Given n, a positive integer, how many positive integers less than n are relatively prime to n? Two integers a and b are relatively prime if there are no integers x > 1, y > 0, z > 0 such that a = xy and b = xz.

Input

There are several test cases.
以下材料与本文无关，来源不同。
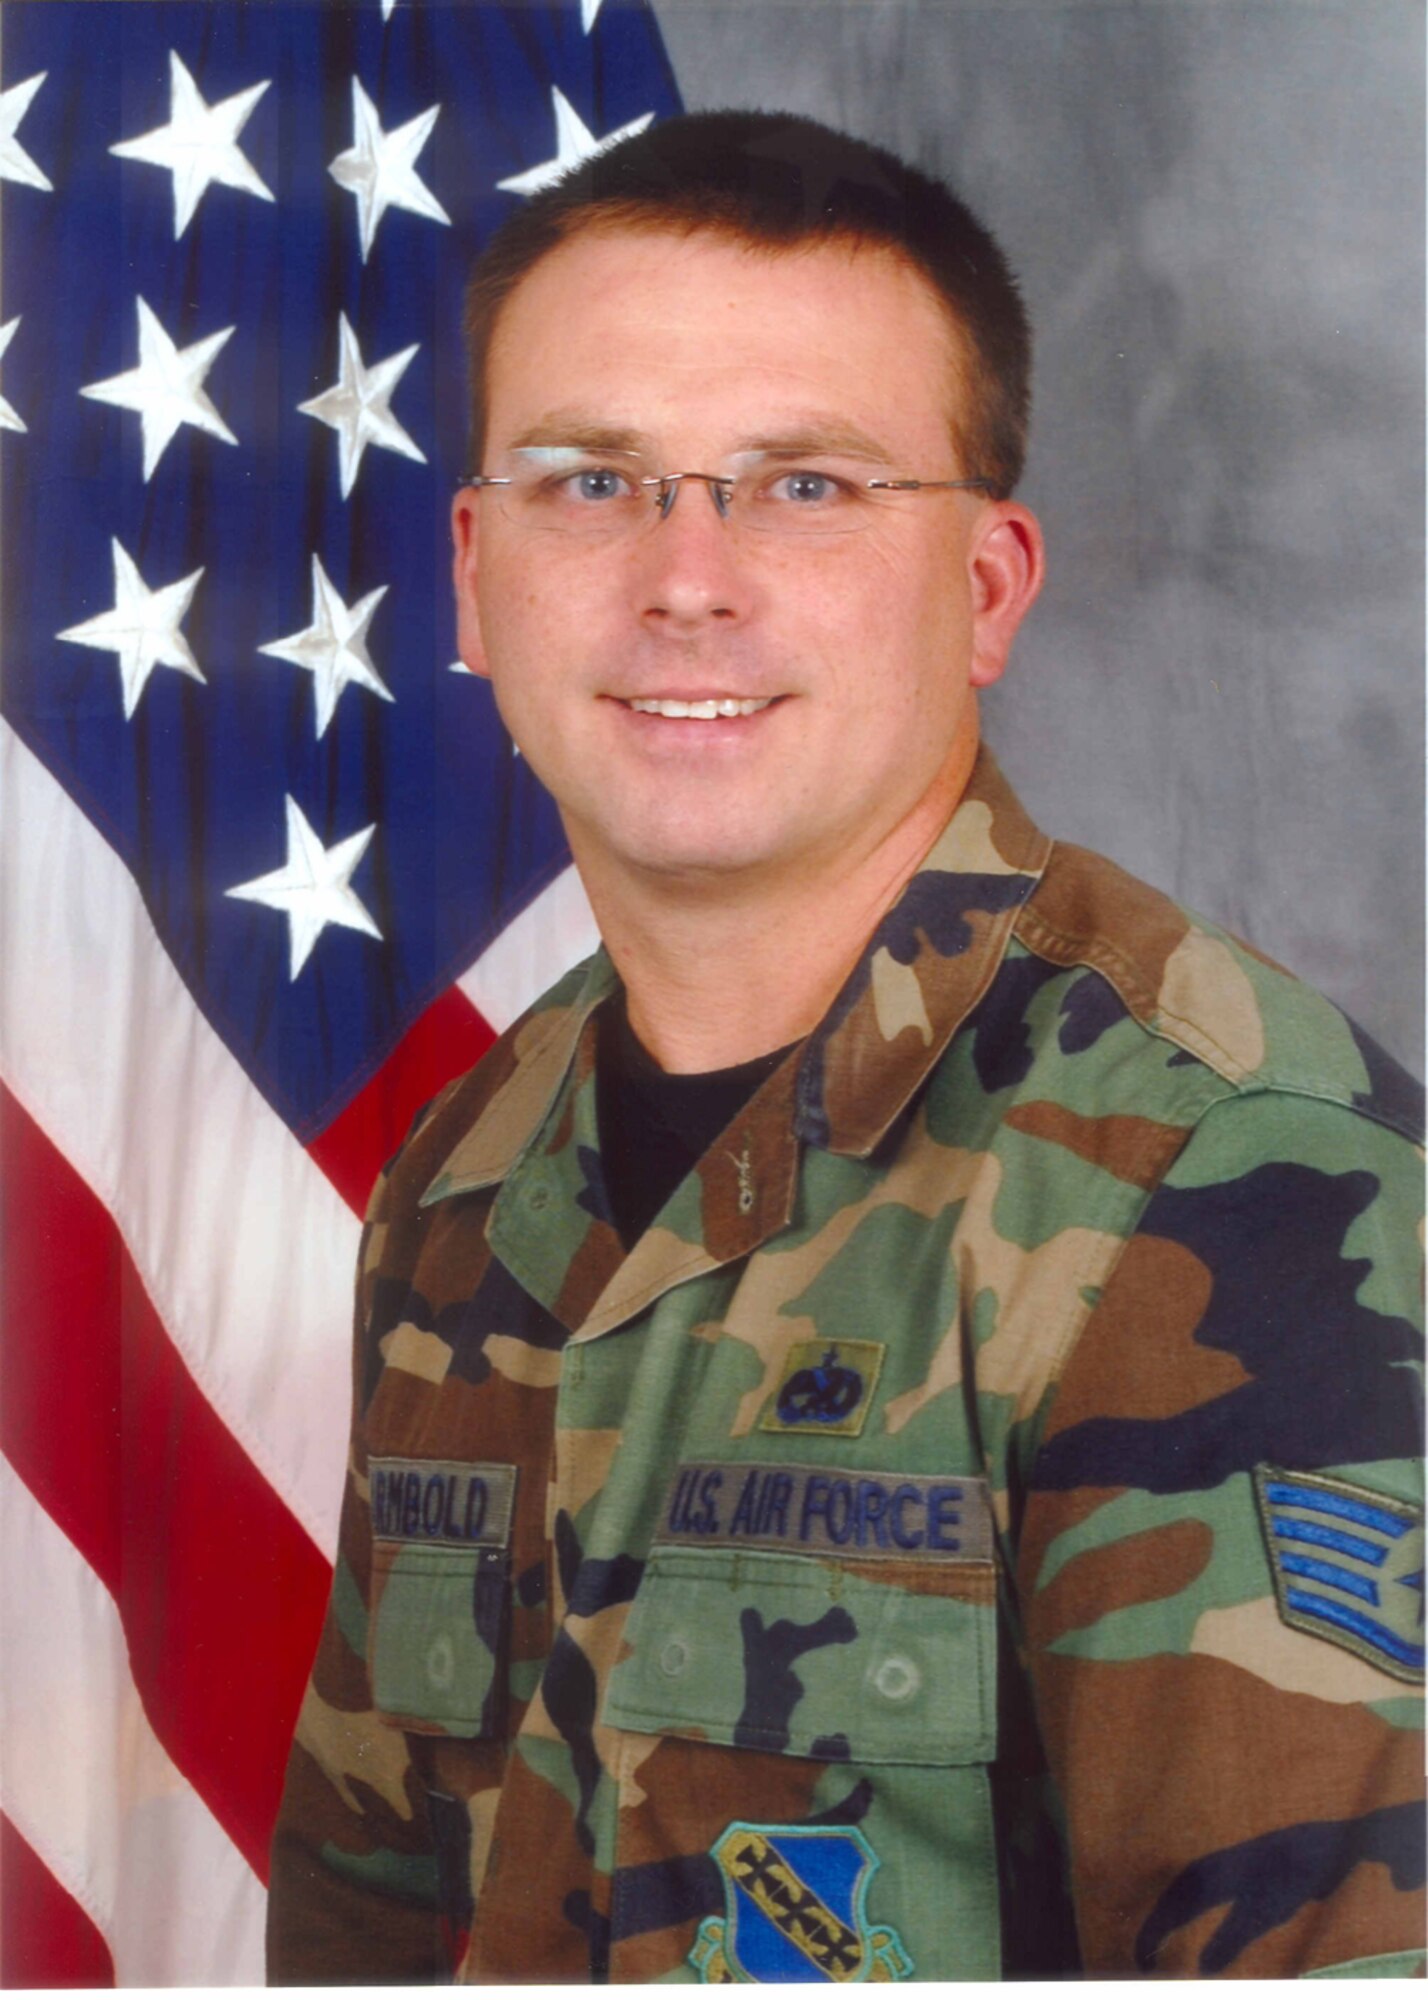 Dyess Warrior of the Week
Staff Sgt. Christopher Warmbold

For each test case, standard input contains a line with n <= 1,000,000,000. A line containing 0 follows the last case.

Output

For each test case there should be single line of output answering the question posed above.

Sample Input

7
12
0

Sample Output

6
4

题目大意就是给一个数n，求出不大于n且与n互素的数的个数，

这就是简单的欧拉函数的运用，关于欧拉函数的求法，网上一搜一大堆，这里省略。

提交一次就A了，不过测试数据不强，我的程序对于1输出的是1，而实际应该是0

参考代码：

#include<iostream>
#include<cstdlib>
#include<cstdio>
#include<cstring>
#include<algorithm>
#include<cmath>
using namespace std;
int main()
{
    int n ;
    while ( scanf ( "%d", & n ) , n )
    {
        if ( n == 1 )
            printf ("0\n") ; 
        else
        {
            int i , j , m;
            m = sqrt ( n + 0.5 ) ;
            int ans = n ;
            for ( i = 2; i <= m ; i ++ )
                if ( n % i == 0)
                {
                    ans = ans / i * ( i - 1 ) ;
                    while ( n % i == 0 ) 
                        n /= i ;
                }
            if ( n > 1 )
                ans = ans / n * ( n - 1 ) ;
            
            printf ("%d\n",ans);
        }
    }
    return 0;
}